Стучали. Негромко, с перерывами, но стучали, и не в одном месте.

Шадрин пролежал у щели два часа, с девяти до одиннадцати, потом сполз ко мне и сел на корточки.

— Ходят. Двое прошли ихней траншеей, у них там ход в тыл за самой проволокой. Один свернул к нашему правому рукаву и назад не прошёл.

— Значит, сидит.

— Значит, сидит. — Он потёр ладонь о ладонь, стряхивая землю. — Ваше высокоблагородие, я вам вот что скажу, а вы после сами глядите. Левый рукав днём горел и осел, я его видел в дыму дважды. А правый не видел ни разу.

— Тарабрин! Читай по рукавам за весь день.

Тарабрин читал долго, при огарке, ведя карандашом по строке. По левому рукаву за световой день у него вышло двести с лишним разрывов. По правому — сорок четыре.

Сорок четыре за четырнадцать часов.

Проход на роту режут не десятком снарядов и не двумя десятками. На полосу кольев в двадцать шагов глубины кладут по полусотне на каждые две сажени, и кладут их не наугад, а глядя, что вышло после каждого выстрела.

Сорок четыре — это не проход. Это царапина.

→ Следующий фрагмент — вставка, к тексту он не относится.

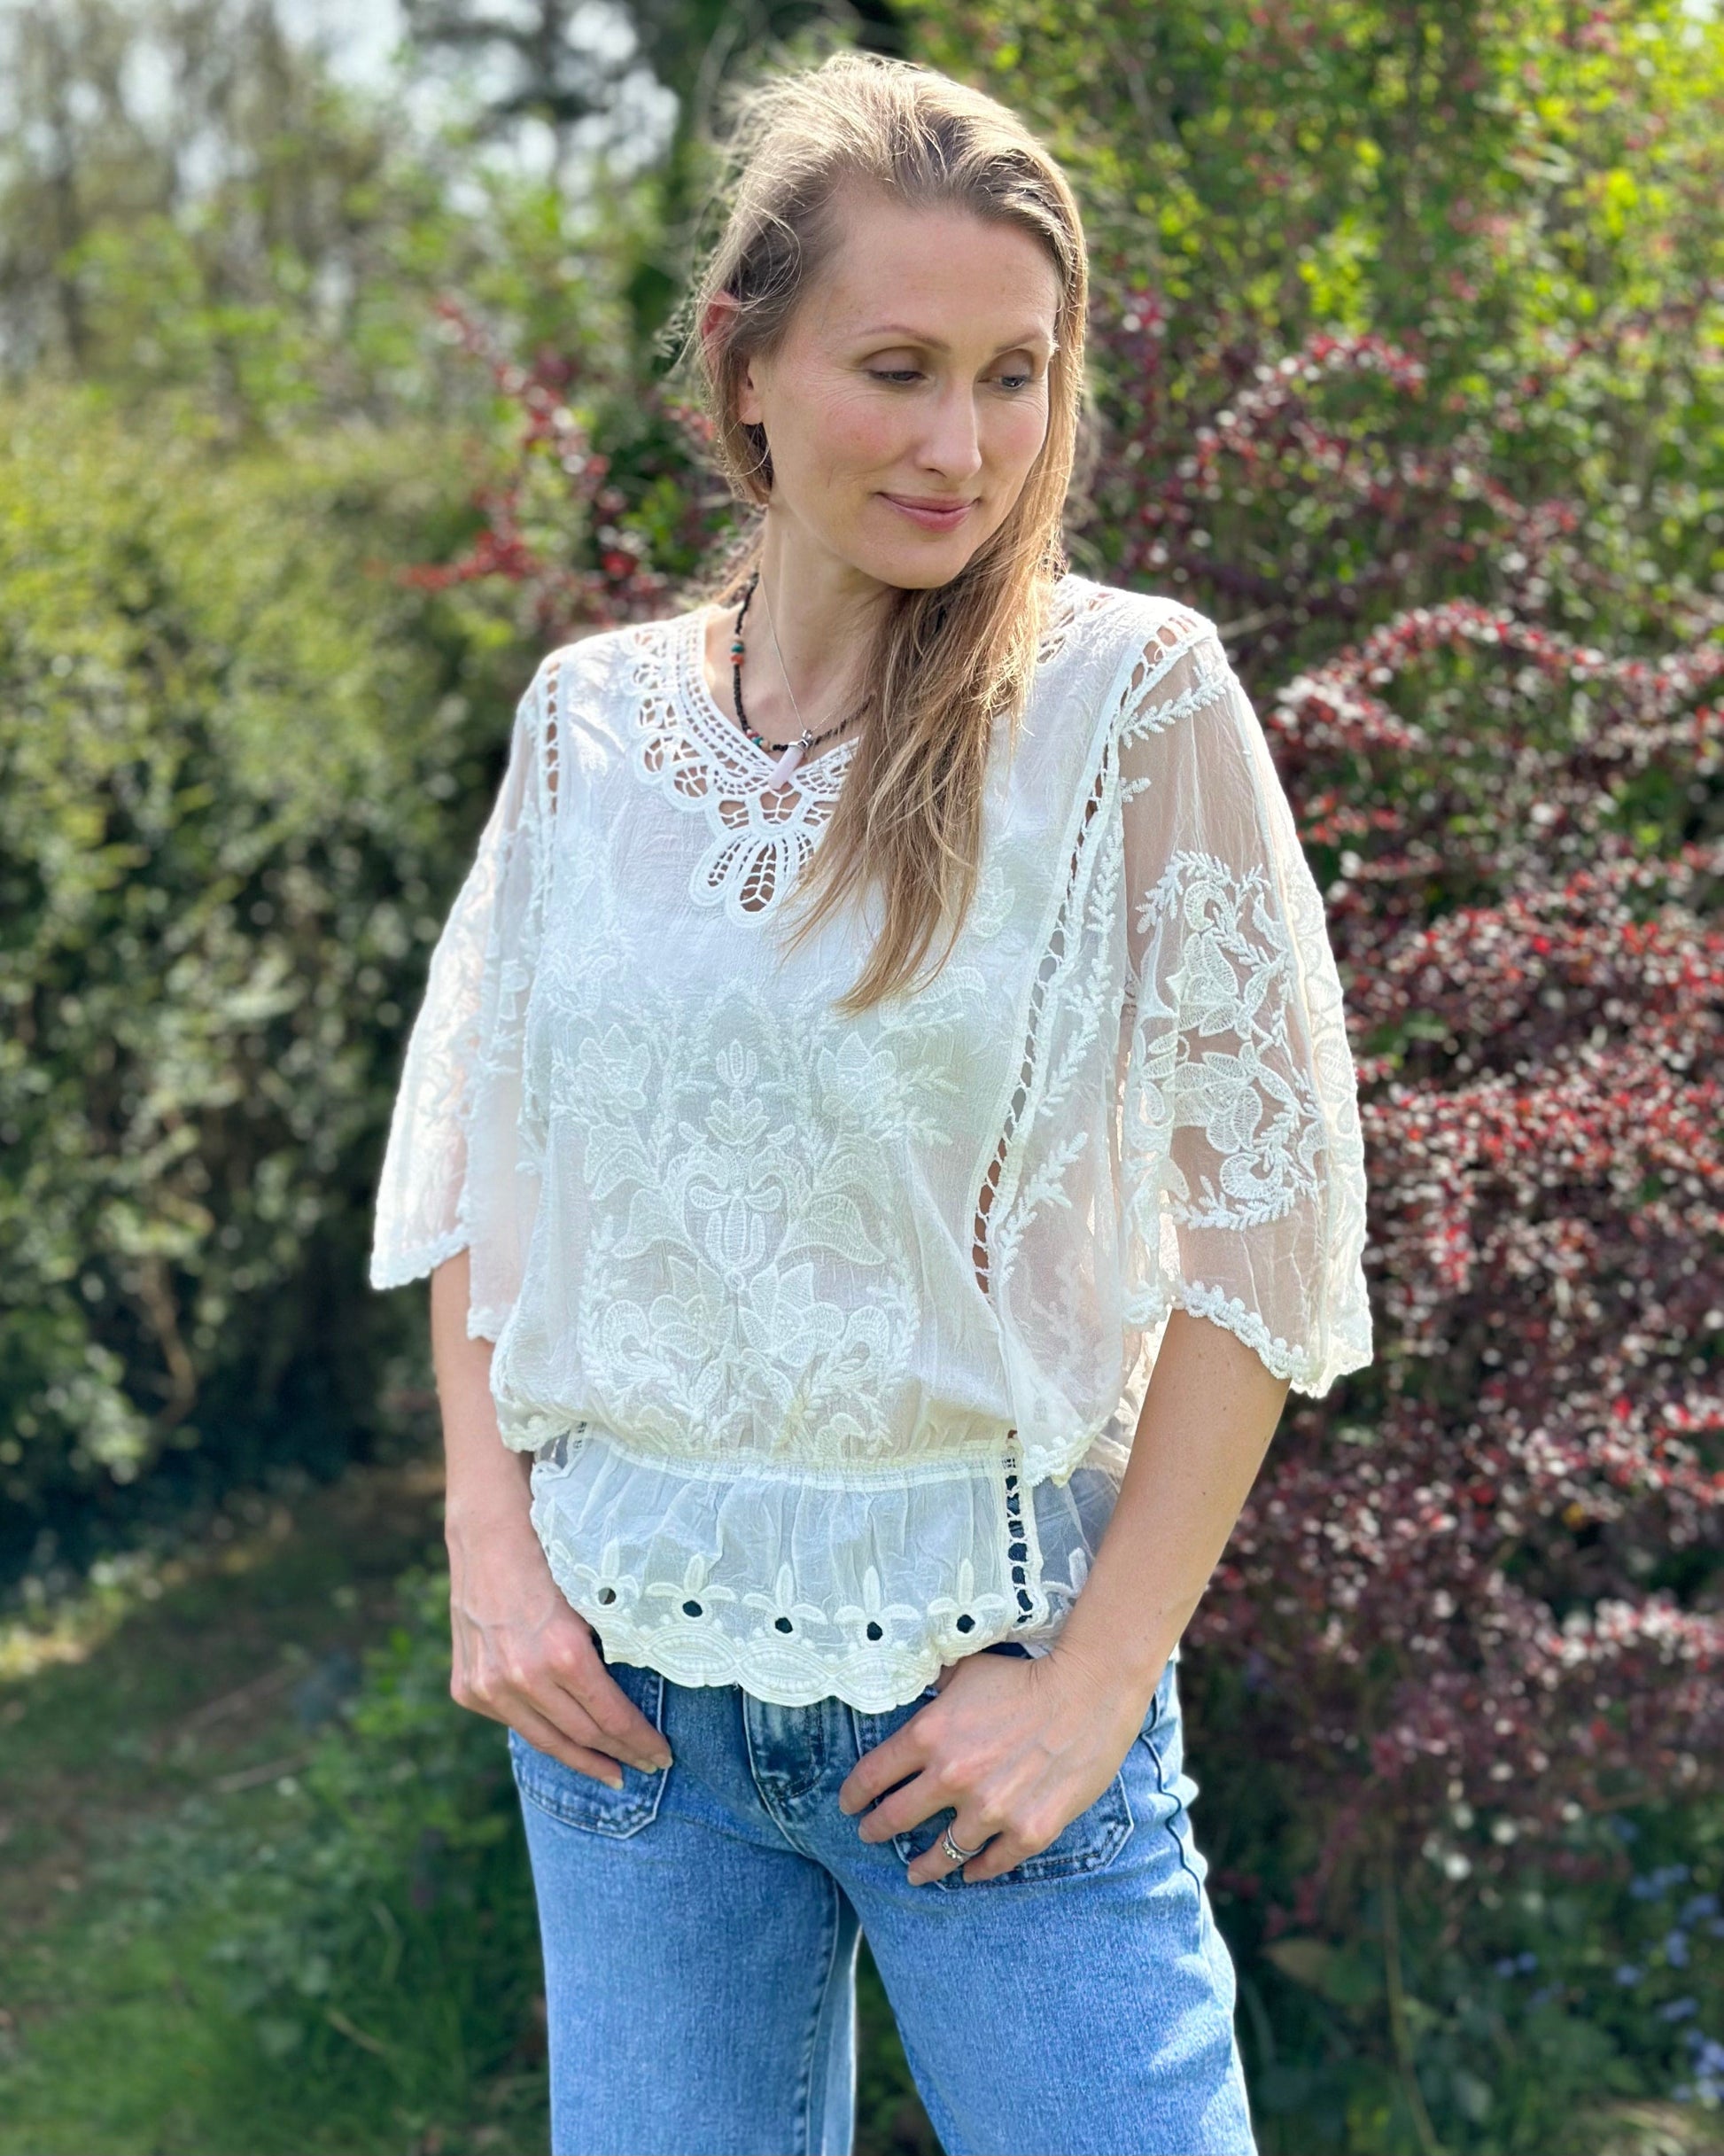 Floral Lace Butterfly Sleeve Top - Ivory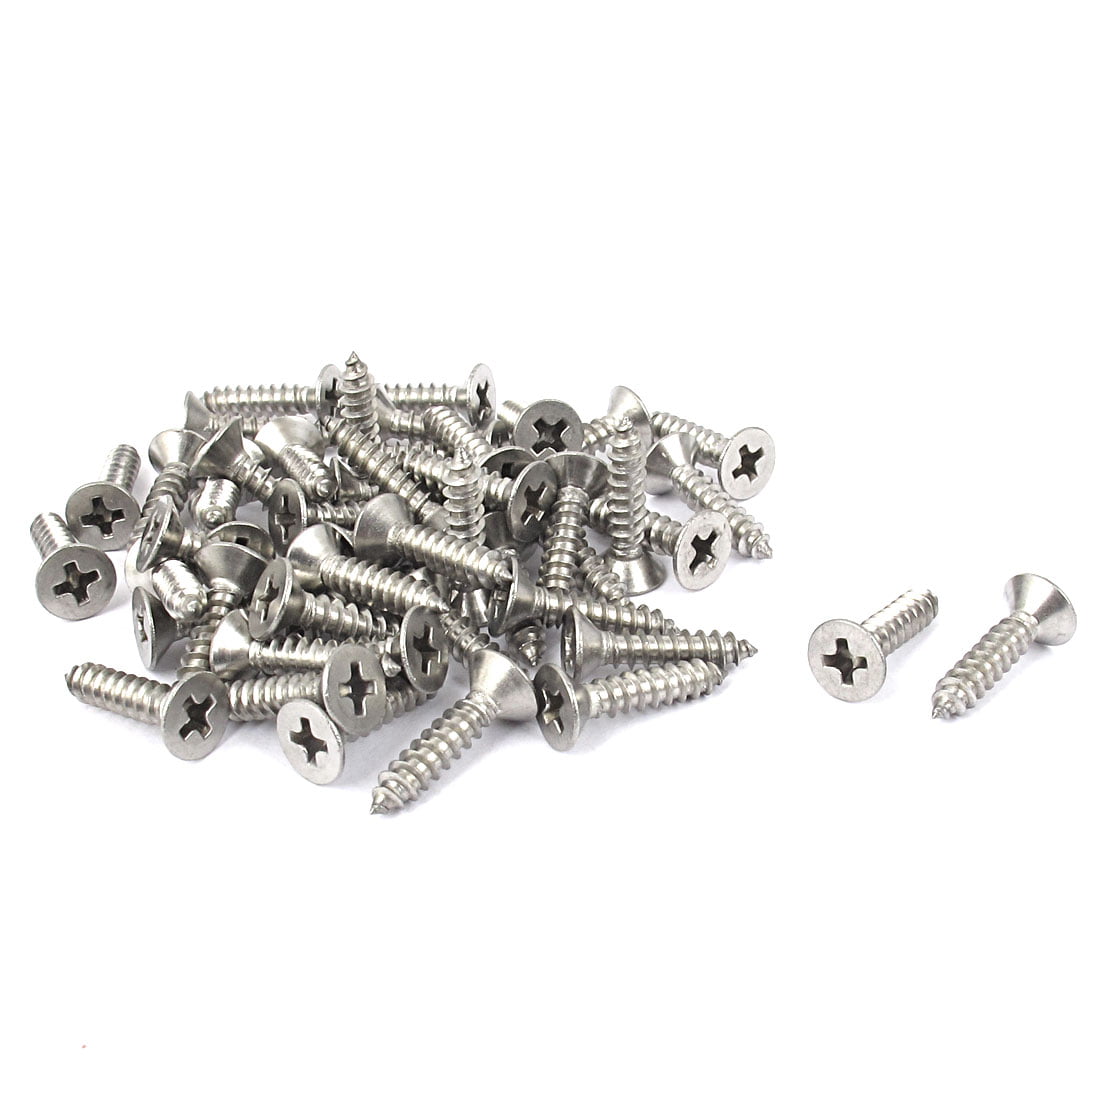 EVERMARKET M3 Cross Flat Head Tapping Wood Screws with Oxide and Wax 4 Size Screws Assortment Kit 200 Pcs

— Может, там уже всё срезано, — Туров провёл ребром ладони по краю щели. — По сорока четырём тоже режет.

— По сорока четырём режет два аршина.

— Так ведь и счёт неполный, — сказал он, не уступая. — Тарабрин считал по видимому. А видимого нынче не было с семи утра.

Тут он был прав, и в этом-то и заключалась вся беда.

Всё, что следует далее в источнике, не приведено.